Ex parte KAMBOJ et al.; Ex parte FOLDES et al. - Page 15


                  Appeal No.  1997-3221                                                                                         
                  Application No.  08/249,241                                                                                   
                          In addition, both patents cite on their face, as considered, prior art relied                         
                  upon in the present application to support the rejection under 35 U.S.C. § 10333.                             

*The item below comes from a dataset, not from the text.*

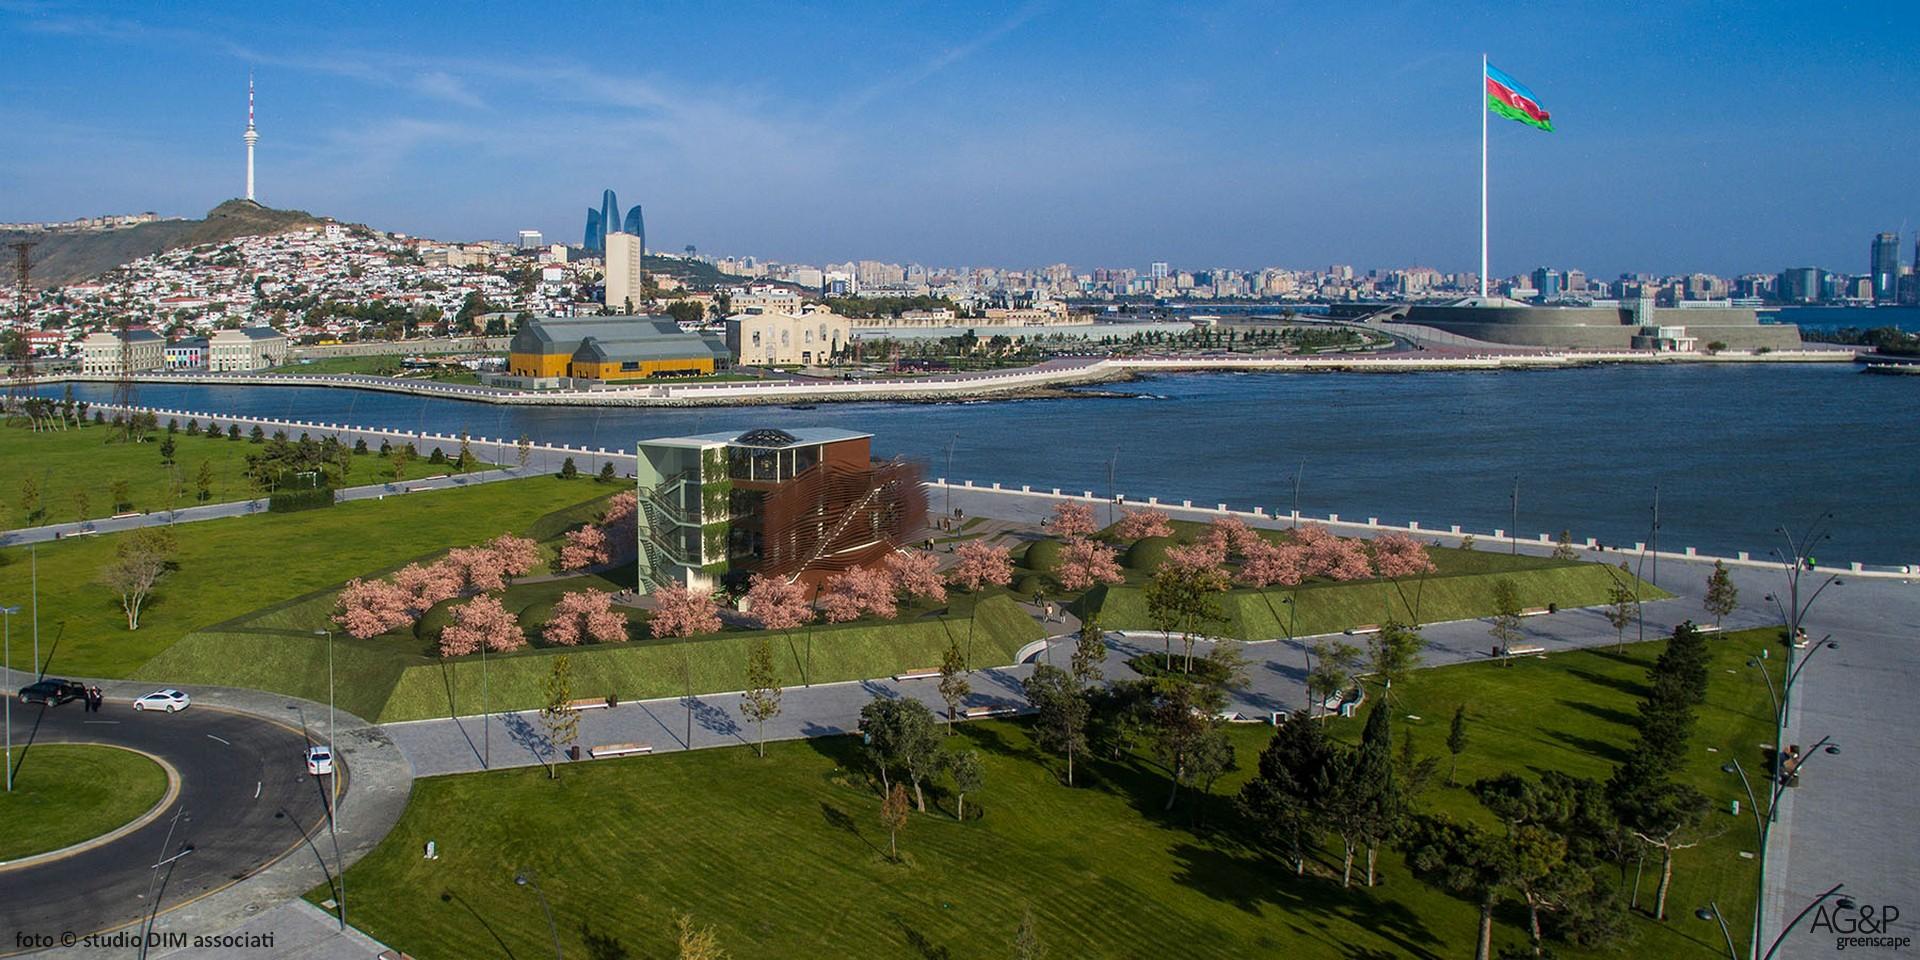 The Expo Pavilion flies to Baku

                          While the examiner may issue a rejection if appropriate under these                                   
                  circumstances, a rejection using the rationale set forth above would appear to                                
                  require the signature of the Group Director.  Compare Manual of Patent Examining                              
                  Procedure (MPEP) ' 2307.02 (7th ed., July 1998).  We note the Group Director did                              

                  not sign the examiner’s action.                                                                               
                          Generally, appeals on these facts are remanded to provide the examiner an                             
                  opportunity to consider the issued patent and determine its effect, if any, on the                            
                  issues raised under 35 U.S.C. § 103.  However, after considering the facts in this                            
                  case we believe the better course of action is to move forward with a decision on                             
                  the merits of this appeal.                                                                                    
                          The initial burden of establishing reasons for unpatentability rests on the                           
                  examiner.  In re Oetiker, 977 F.2d 1443, 1446, 24 USPQ2d 1443, 1445 (Fed. Cir.                                
                  1992).  Furthermore, we note the direction provided by In re Vaeck,           947 F.2d                        
                  488, 493, 20 USPQ2d 1438, 1442 (Fed. Cir. 1991):                                                              
                                 Where the subject matter has been rejected as obvious in view                                  
                          of a combination of prior art references, a proper analysis under §                                   
                          103 requires, inter alia, consideration of two factors (1) whether the                                
                          prior art would have suggested to those of ordinary skill in the art that                             
                          they should make the claimed composition or device, or carry out the                                  
                          claimed process; and (2) whether the prior art would also have                                        
                          revealed that in so making or carrying out, those of ordinary skill would                             
                          have a reasonable expectation of success. . . . Both the suggestion                                   

                                                                                                                                
                  33 The ‘023 patent cites Heinemann, Sommer, Puckett and Bettler as considered.                                
                  The ‘855 patent cites Heinemann, Puckett and Bettler as considered.